Lahr raised a ruckus when he tartly pointed out that most of his colleagues on the aisles of Broadway "have no working experience of the theater, have not written a professional play, a sketch, or even a joke; have never worked in a theater, taken an acting class, or published any extended piece of work. They are creative virgins; everything they know about theater is book-learned and second-hand."

Lahr then went on to claim that criticism is "a life without risk; the critic is risking his opinion, the maker is risking his life. It's a humbling thought but important for the critic to keep it in mind -- a thought he can only know if he's made something himself."
As Terry says, "That's putting it a bit too strongly." But point taken.

Then again, Lahr--like many artists and many readers--probably underestimate the degree to which most critics have at least experienced the process of making theatre (beyond the high school level) even if they never achieved great heights or no longer practice.

Teachout lists many great critic-artists from the past, and I would add from, both past and present: Eric Bentley, Robert Brustein and Michael Feingold. Among my younger contemporaries: Alexis Soloski and Helen Shaw have both dramaturged and continue to do so periodically; Stevel Leigh Morris out in LA is a playwright; and, before he started writing operas, David Cote acted for years downtown, for Richard Foreman, among others.

There are doubtlessly others, so excuse me if I don't know everyone's background well enough.

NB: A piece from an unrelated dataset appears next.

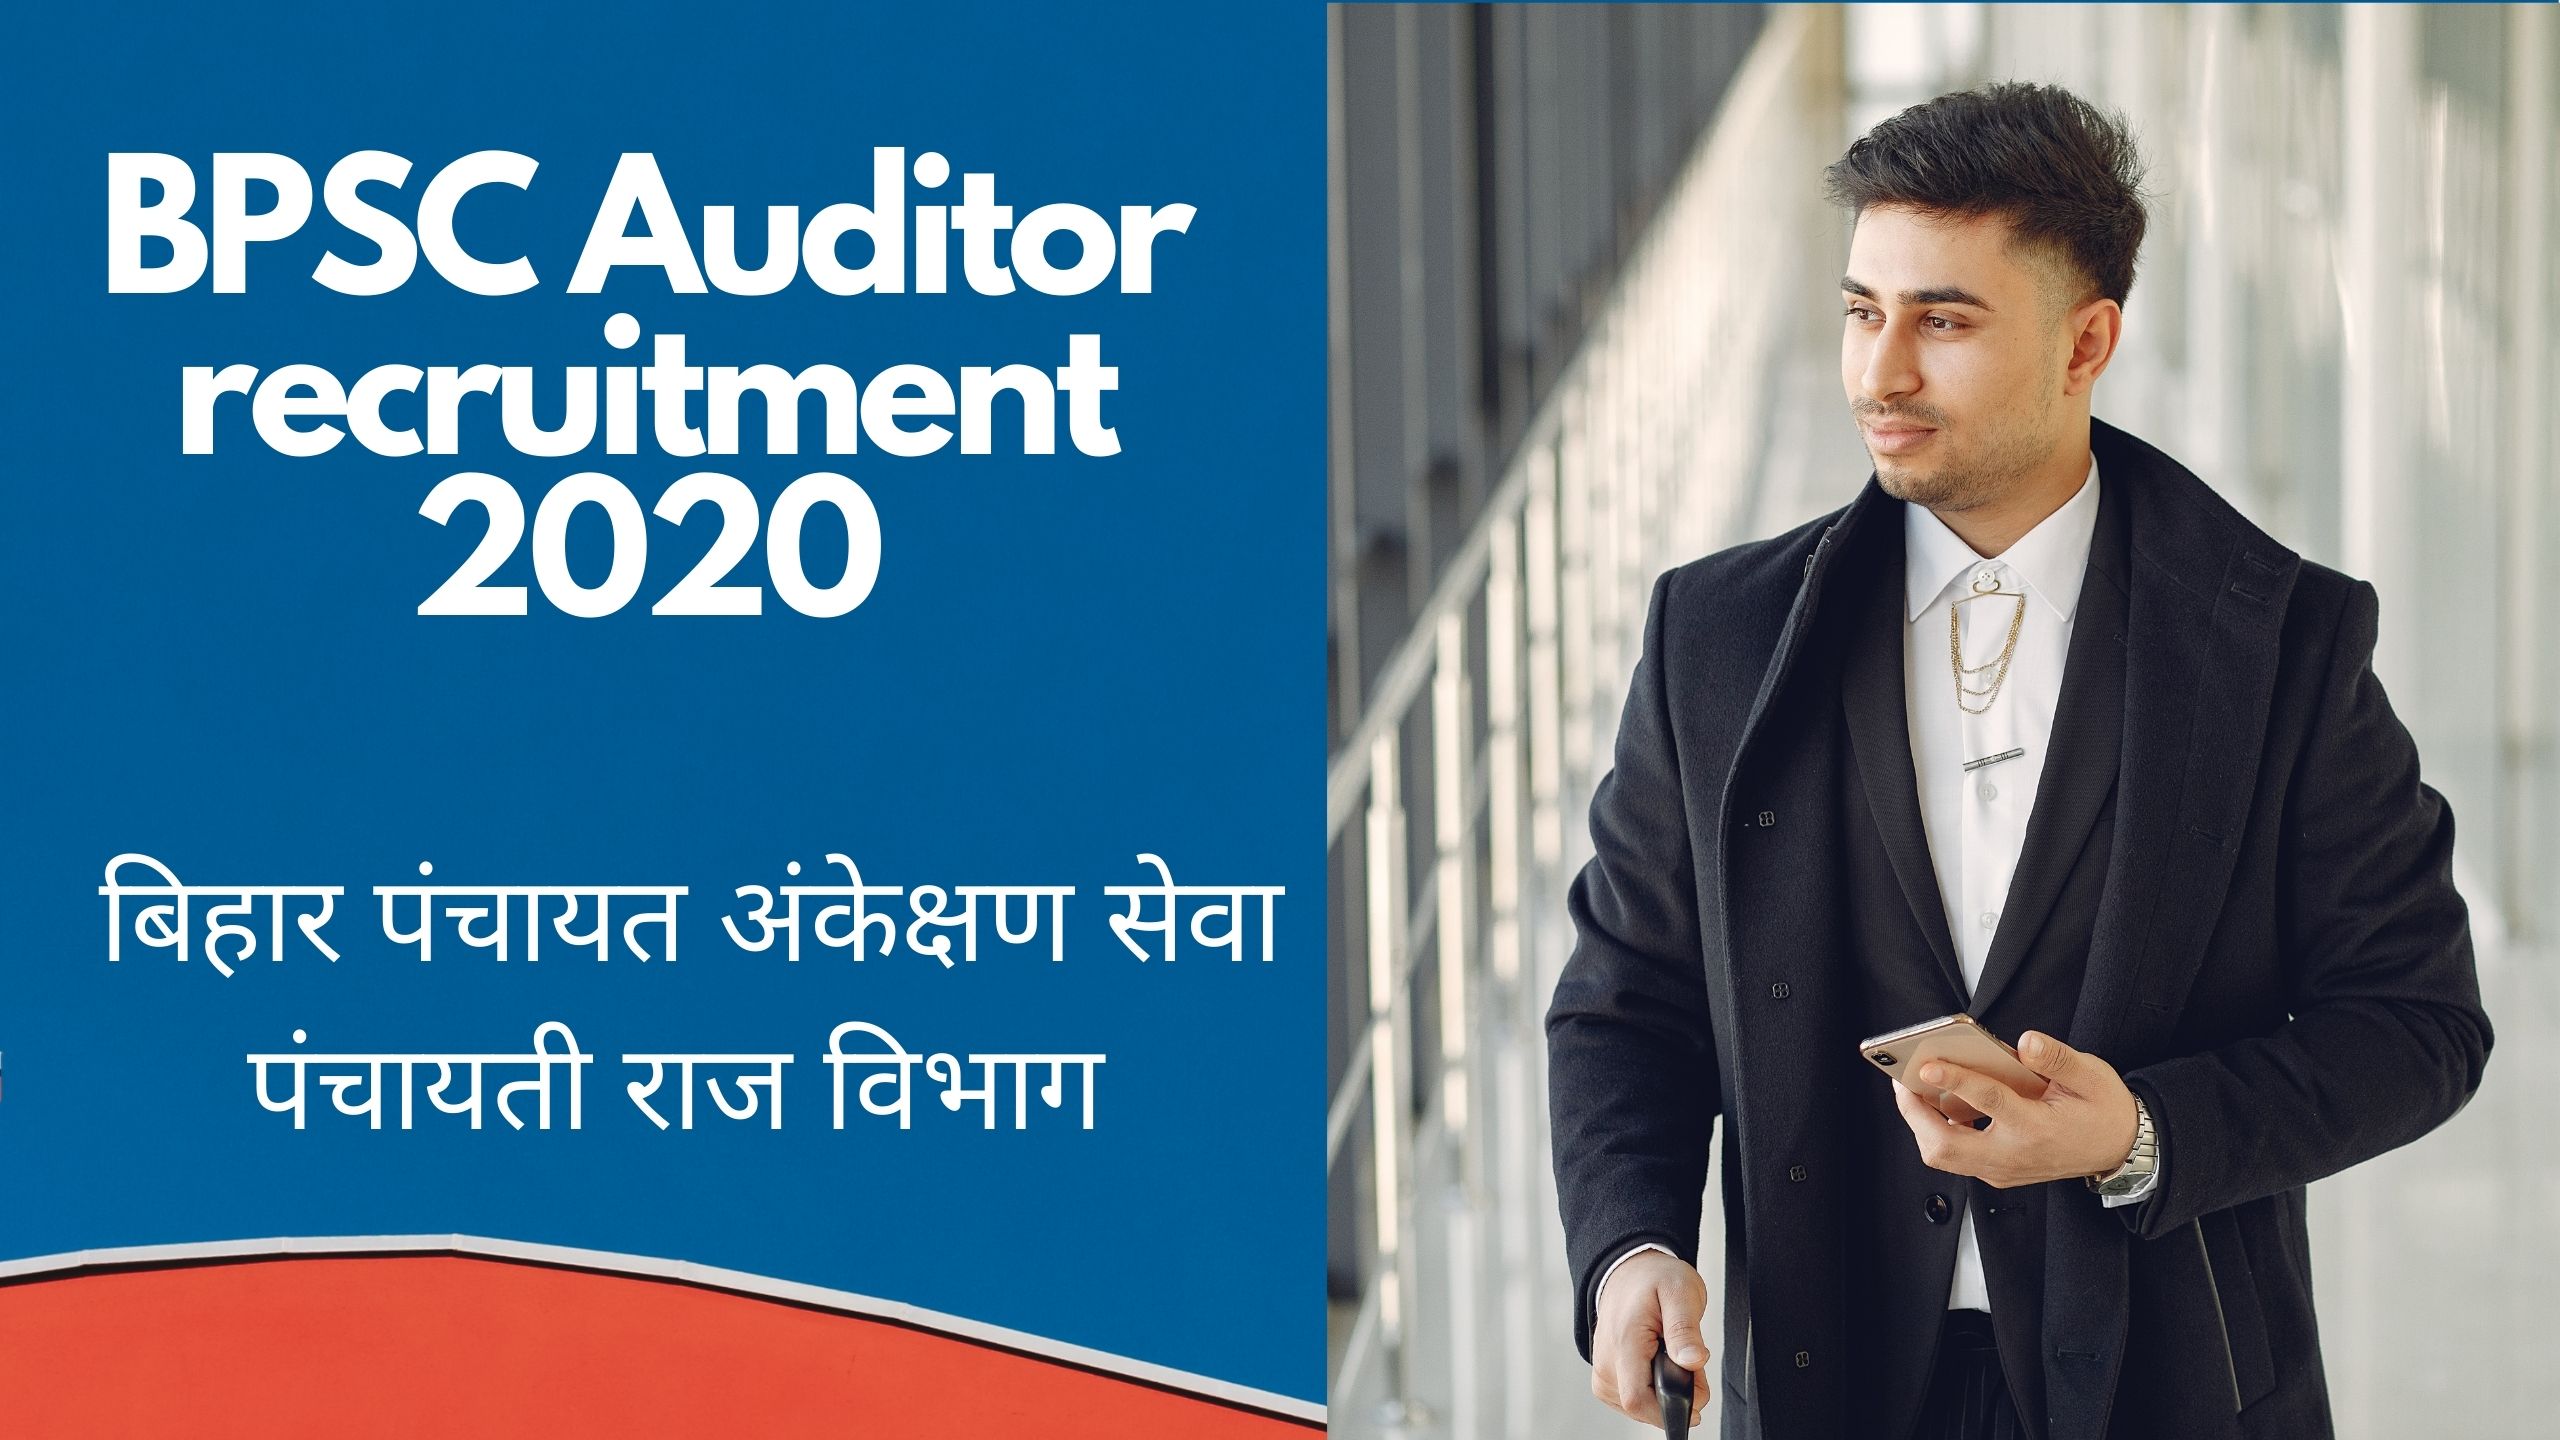 BPSC Auditor recruitment 2020

As for me, while we're at it, I got an MFA in Directing, though never ended up doing much with it professionally (surprise!), and worked as a full time Literary Manager for a regional theatre for a couple of seasons before turning to writing and criticism more. I still harbor hopes of penning some literary adaptations (yes, playwriting's poor relation) and maybe even translations.

Point is, most people who give a damn about theatre to begin with either got that way from participating in it, or their passion for spectating has led them at some point in their secret past, at least, to tread the boards or make some such stab. Whether it "succeeded" or not is beside the point if what matters is a first-hand experience.

And rather than scorn such former or part-time artists under the cliche of "those who can't do, criticize," I prefer to believe that that little part of our brains that holds us back (for whatever reason) from being stars in our own right, might just be the x-factor gene that makes a good critic.